Bowling N, Walsh R A, Song G, Estridge T, Sandusky G E, Fouts R L, Mintze K, Pickard T, Roden R, Bristow M R, Sabbah H N, Mizrahi J L, Gromo G, King G L, Vlahos C J
Cardiovascular Research, Eli Lilly and Co, Indianapolis, Ind 46285-0520, USA.
Circulation. 1999 Jan 26;99(3):384-91. doi: 10.1161/01.cir.99.3.384.
Increased expression of Ca2+-sensitive protein kinase C (PKC) isoforms may be important markers of heart failure. Our aim was to determine the relative expression of PKC-beta1, -beta2, and -alpha in failed and nonfailed myocardium.
Explanted hearts of patients in whom dilated cardiomyopathy or ischemic cardiomyopathy was diagnosed were examined for PKC isoform content by Western blot, immunohistochemistry, enzymatic activity, and in situ hybridization and compared with nonfailed left ventricle. Quantitative immunoblotting revealed significant increases of >40% in PKC-beta1 (P<0.05) and -beta2 (P<0.04) membrane expression in failed hearts compared with nonfailed; PKC-alpha expression was significantly elevated by 70% in membrane fractions (P<0.03). PKC-epsilon expression was not significantly changed. In failed left ventricle, PKC-beta1 and -beta2 immunostaining was intense throughout myocytes, compared with slight, scattered staining in nonfailed myocytes. PKC-alpha immunostaining was also more evident in cardiomyocytes from failed hearts with staining primarily localized to intercalated disks. In situ hybridization revealed increased PKC-beta1 and -beta2 mRNA expression in cardiomyocytes of failed heart tissue. PKC activity was significantly increased in membrane fractions from failed hearts compared with nonfailed (1021+/-189 versus 261+/-89 pmol. mg-1. min-1, P<0.01). LY333531, a selective PKC-beta inhibitor, significantly decreased PKC activity in membrane fractions from failed hearts by 209 pmol. min-1. mg-1 (versus 42.5 pmol. min-1. mg-1 in nonfailed, P<0.04), indicating a greater contribution of PKC-beta to total PKC activity in failed hearts.

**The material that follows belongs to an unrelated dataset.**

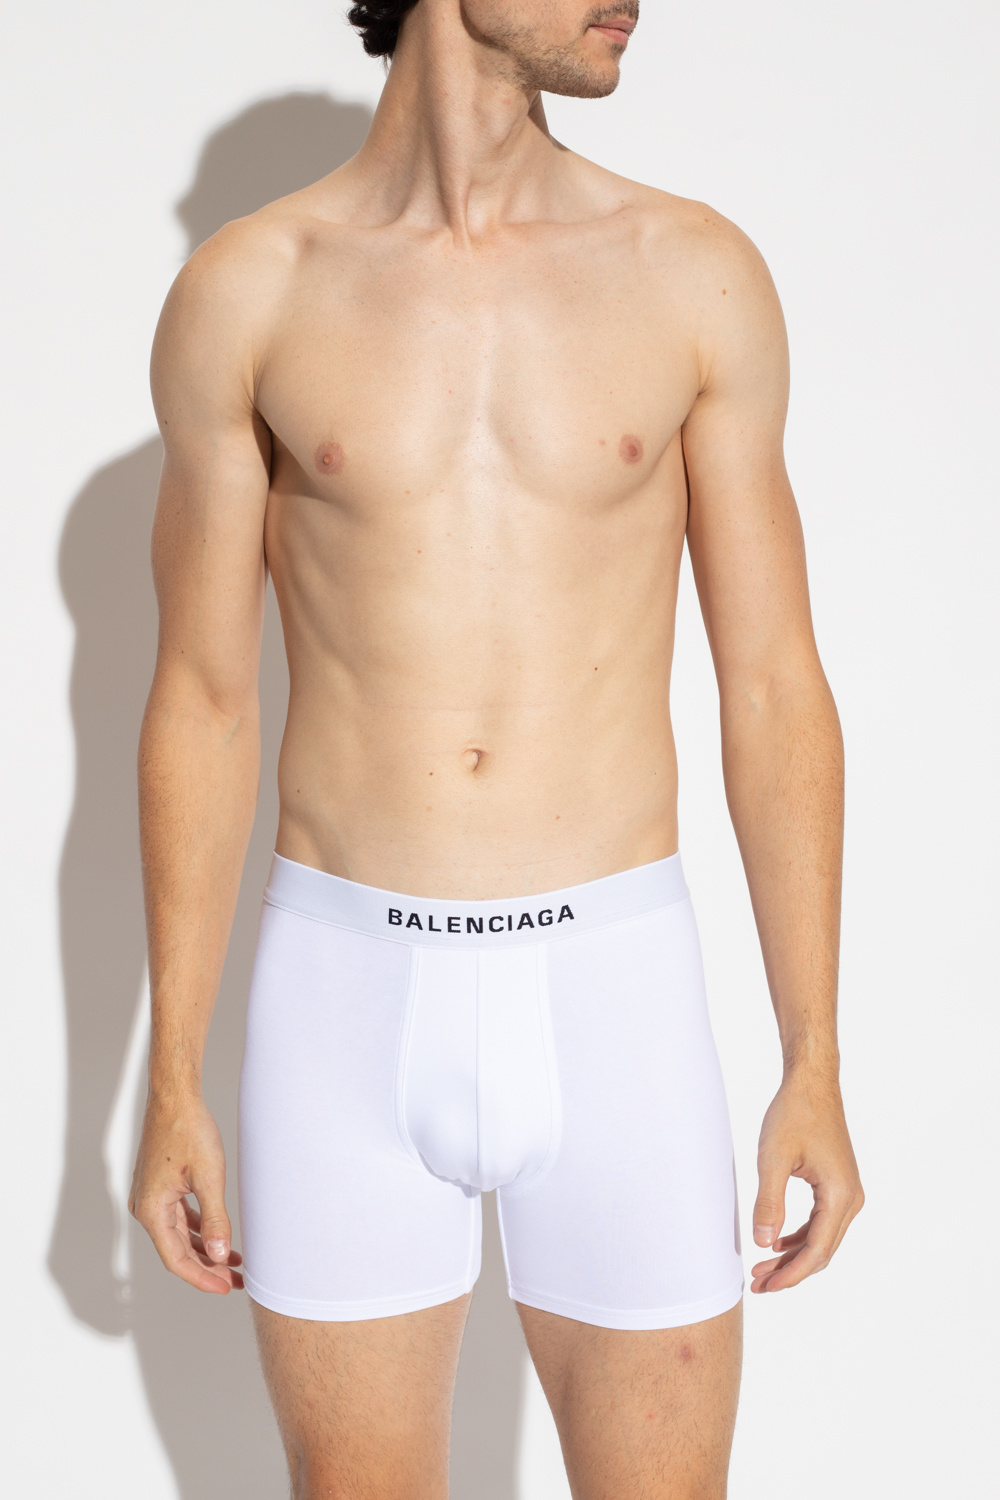 Balenciaga Boxers with logo, Men's Clothing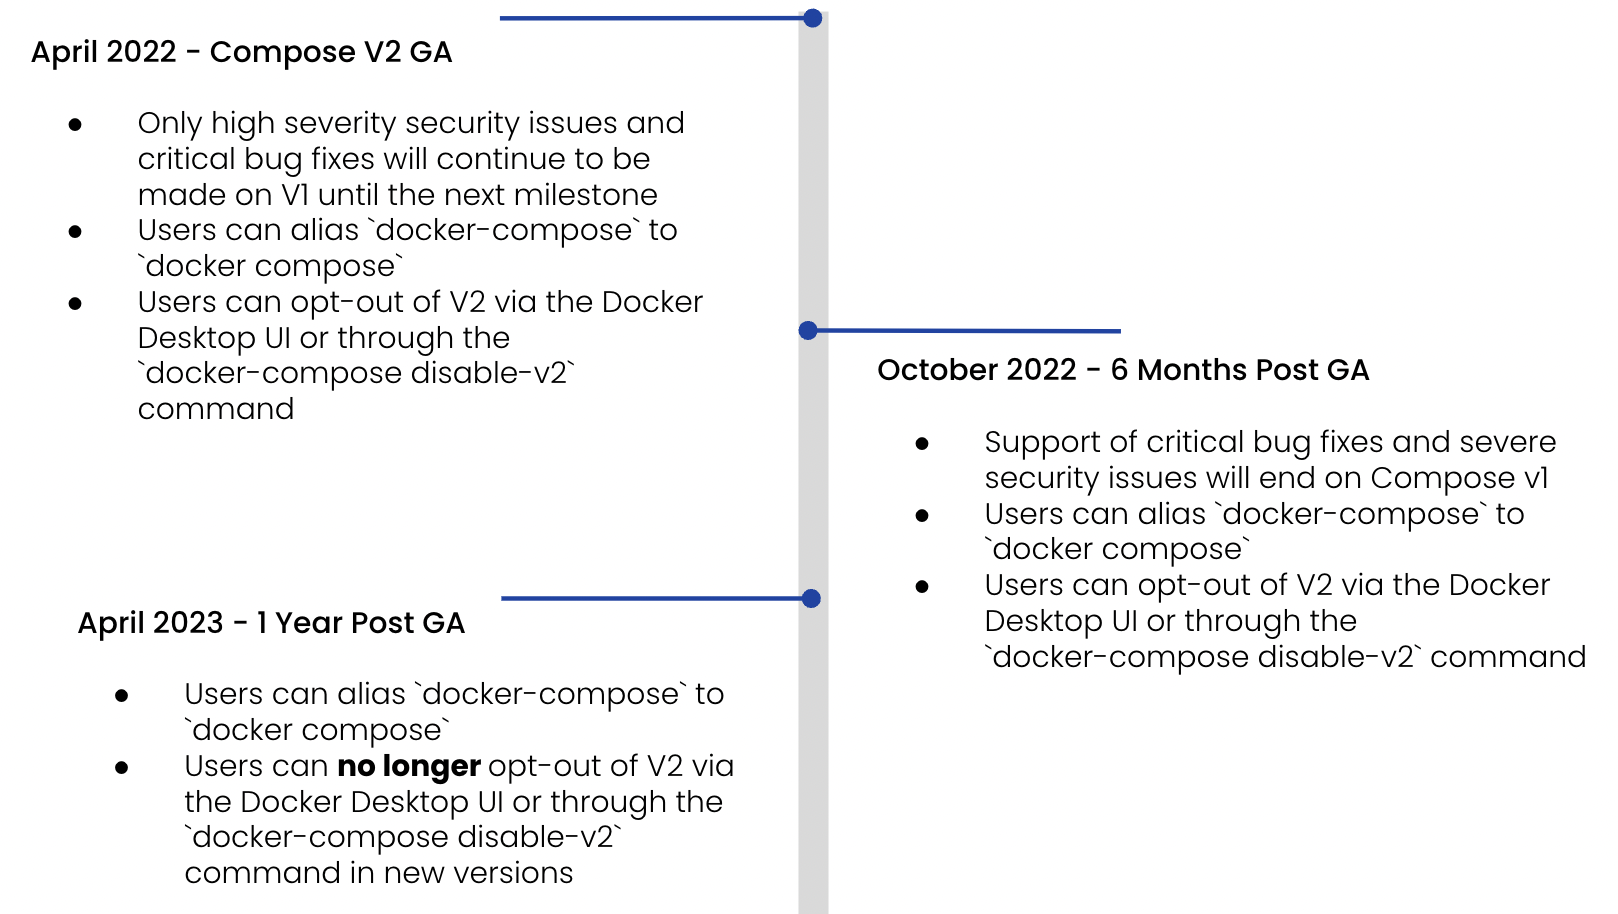 v1 のサポート終了タイムラインの作成: 2022 年 4 月、v2 GA を作成します。 重大度の高いセキュリティ問題と重大なバグ修正のみが、次のマイルストーンまで v1 で引き続き行われます。 ユーザーは、ドッカー作成をドッカー作成にエイリアスすることができます。 ユーザーは、docker デスクトップ UI または docker-compose disable-v2 コマンドを使用して v2 をオプトアウトできます。 2022 年 10 月、GA から 6 か月後。 重大なバグ修正と重大なセキュリティ問題のサポートは、compose v1 で終了します。 ユーザーは、ドッカー作成をドッカー作成にエイリアスすることができます。 ユーザーは、docker デスクトップ UI または docker-compose disable-v2 コマンドを使用して v2 をオプトアウトできます。 2023年4月、GAから1年後。 ユーザーは、ドッカー作成をドッカー作成にエイリアスすることができます。 ユーザーは、新しいバージョンでは、ドッカー デスクトップ UI または docker-compose disable-v2 コマンドを使用して v2 をオプトアウトできなくなりました。

In failed human heart, PKC-beta1 and -beta2 expression and contribution to total PKC activity are significantly increased. This may signal a role for Ca2+-sensitive PKC isoforms in cardiac mechanisms involved in heart failure.
钙敏感蛋白激酶C(PKC)亚型的表达增加可能是心力衰竭的重要标志物。我们的目的是确定PKC-β1、-β2和-α在衰竭心肌和非衰竭心肌中的相对表达。
对诊断为扩张型心肌病或缺血性心肌病患者的离体心脏,通过蛋白质印迹法、免疫组织化学、酶活性检测和原位杂交检测PKC亚型含量,并与非衰竭左心室进行比较。定量免疫印迹显示,与非衰竭心脏相比,衰竭心脏中PKC-β1(P<0.05)和-β2(P<0.04)膜表达显著增加>40%;膜组分中PKC-α表达显著升高70%(P<0.03)。PKC-ε表达无显著变化。在衰竭的左心室中,PKC-β1和-β2免疫染色在整个心肌细胞中强烈,而非衰竭心肌细胞中染色轻微且分散。PKC-α免疫染色在衰竭心脏的心肌细胞中也更明显,染色主要定位于闰盘。原位杂交显示衰竭心脏组织心肌细胞中PKC-β1和-β2 mRNA表达增加。与非衰竭心脏相比,衰竭心脏膜组分中的PKC活性显著增加(1021±189对261±89 pmol·mg-1·min-1,P<0.01)。LY333531,一种选择性PKC-β抑制剂,使衰竭心脏膜组分中的PKC活性显著降低209 pmol·min-1·mg-1(与非衰竭心脏中的42.5 pmol·min-1·mg-1相比,P<0.04),表明PKC-β对衰竭心脏中总PKC活性的贡献更大。
在衰竭的人类心脏中,PKC-β1和-β2的表达以及对总PKC活性的贡献显著增加。这可能表明钙敏感PKC亚型在参与心力衰竭的心脏机制中起作用。